【放談ざっくばらん】


北京の白タク兄イ
                                        

                               (『人民中国』元編集顧問)村山孚


 変化の時代は月日の流れも速い。アッというまに半年以上も経ち、旧聞となったが、昨年9月末、北京を訪れたときのことである。

 本誌の50周年祝賀会に参加し、旧友とも再会する主目的のほか、北京の変化、とくに目に見えない意識を体感しようと思ったのだ。

 公的な催しのいきさつは本誌の昨年12月号で詳細が報道されているし、わたしごときが重ねて触れることもなかろう。

 ただひとつだけ、盛大な祝賀会が、伝統のなかに新風を感じさせ、新風のなかに伝統を感じさせたということを記しておく。適度な型破りの式次第にも主催者の苦心が窺えた。

 北京空港は7、8年ぶりだが、出迎えは輻輳していると思い予め謝絶していたので、娘と二人でタクシー乗り場に出て驚いた。待つ人ばかりで車は一台もいない。大渋滞でタクシーは敬遠してこないのだそうだ。と、車が止まり、青年がおりてきた。

 「タクシー来ないよ。北京どこ行く?」

 ハハア、白タクだなと思ったが、ホテルの名を言い、値段を聞いてみた。かねて聞いていた最近のタクシー値段の二倍あまりである。押し問答していると、娘が「仕方ないじゃない、乗りましょうよ」という。

 因みに中国では白タクを「黒車」という。闇営業というわけだ。

 不安がないでもなかったが、市内の風景が一変し、どこを走っているのか分からないわたしに、細かくガイドしてくれる兄イの北京語を聞いているうち、次第に安心した。

 実は半分も聞き取れないのだが、市民の意識変化を見聞することも北京訪問の目標の一つだったので、怪しい中国語で問答する。

 「先生は北京にきたことがあるのか」

 わたしは、改革開放政策の始まった1978年に『人民中国』の「専家」(つまり外国人助っ人)として赴任以来、88年までの間に通算五年、北京に住んでいたことを話した。

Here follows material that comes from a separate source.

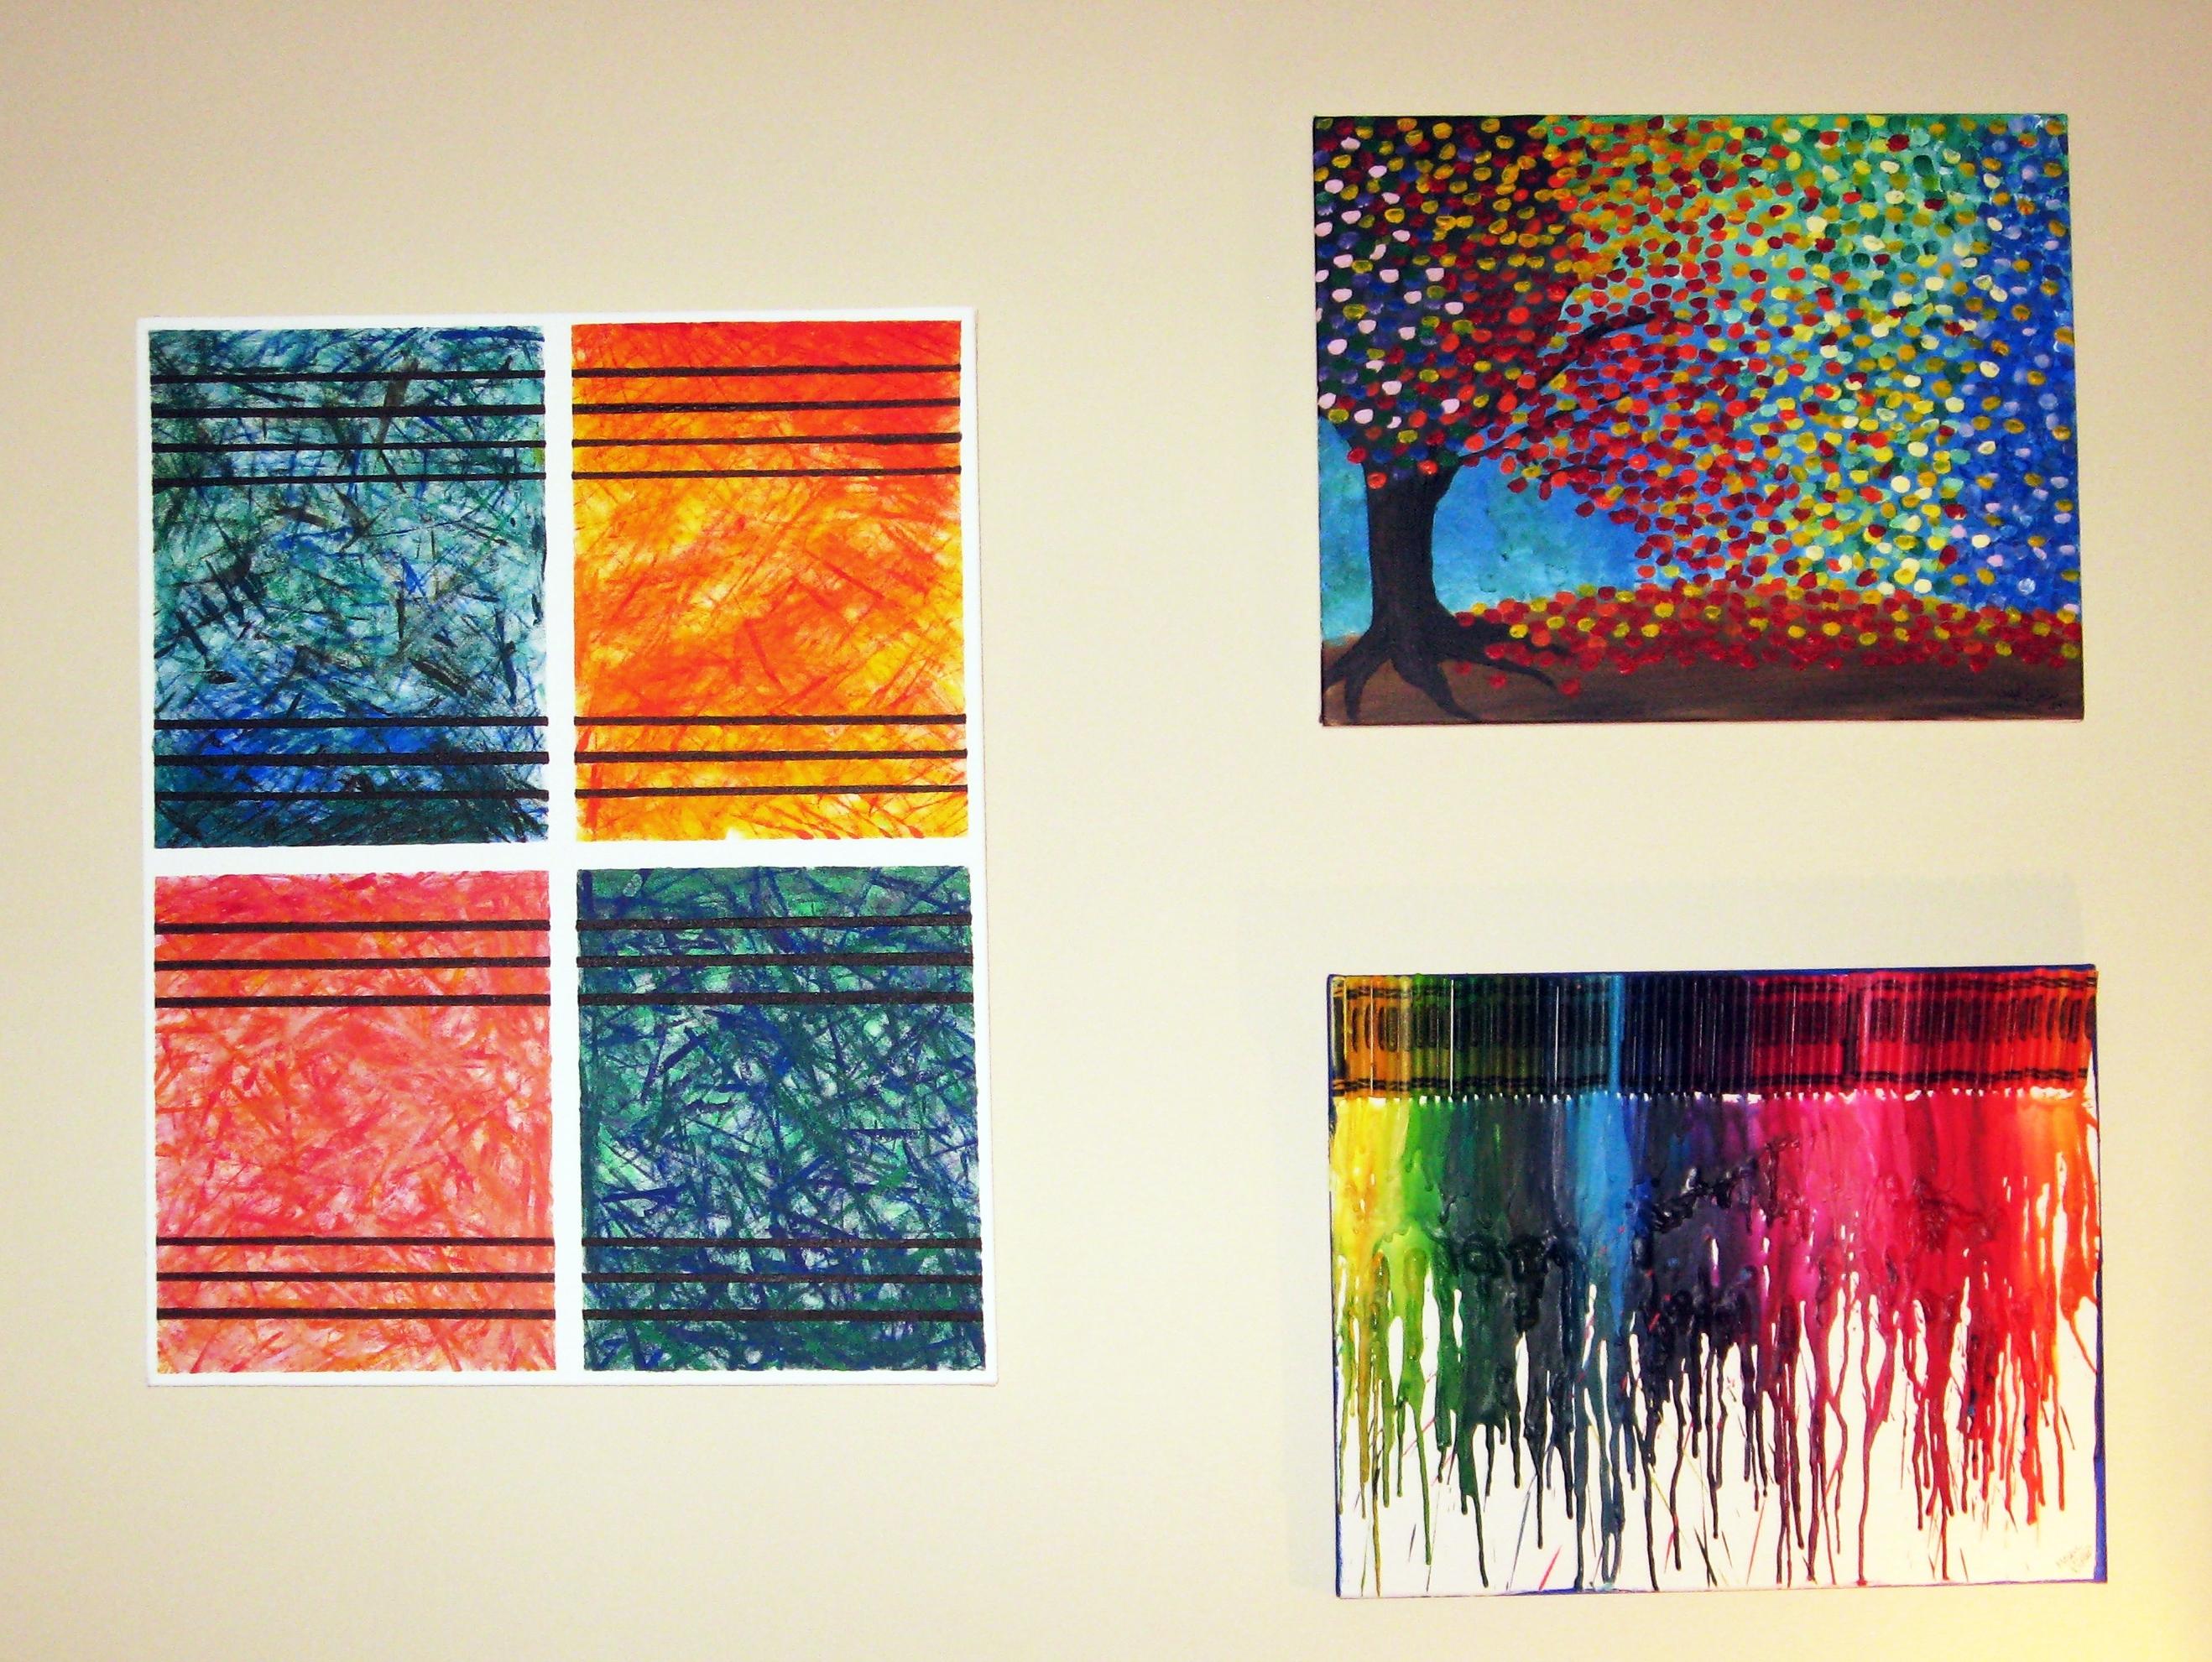 Diy Abstract Wall Art | Make Something Mondays! within Abstract Wall Art (Image 11 of 20)

 ぐっと距離が縮まった。かれは、3人の仲間と共同で「仕事」しているのだといい、携帯電話の番号を書いたメモをくれた。

 「電話してくれればすぐ来る」

 そしてフロントまで重い荷物を運んだ。 記念行事がおわり、病臥中の康大川元編集長を見舞った後、父娘は一日を買物にあてた。

 北京の買物事情もすっかり変わっているだろうから、かの白タク兄イに頼むことにした。電話すると、仲間に運転させ、かれは助手席に納まってやってきた。

 半日の料金を聞くと、「終わってからでいい」という。あとでややこしくなるとも思わず、わたしは、そのまま頷いてしまった。

 その日はカミサンからの指示と娘の希望とを優先し、買物に目的を絞って市内の四カ所を巡った。昼どき、丁度、瑠璃廠で注文した印鑑が出きるまでの間、一緒に食事をというと、清朝時代風の料理店に案内してくれた。味・雰囲気・値段、わたしも娘も満足度100%であった。多すぎて余ったのは、兄イたちにお持ち帰り願った。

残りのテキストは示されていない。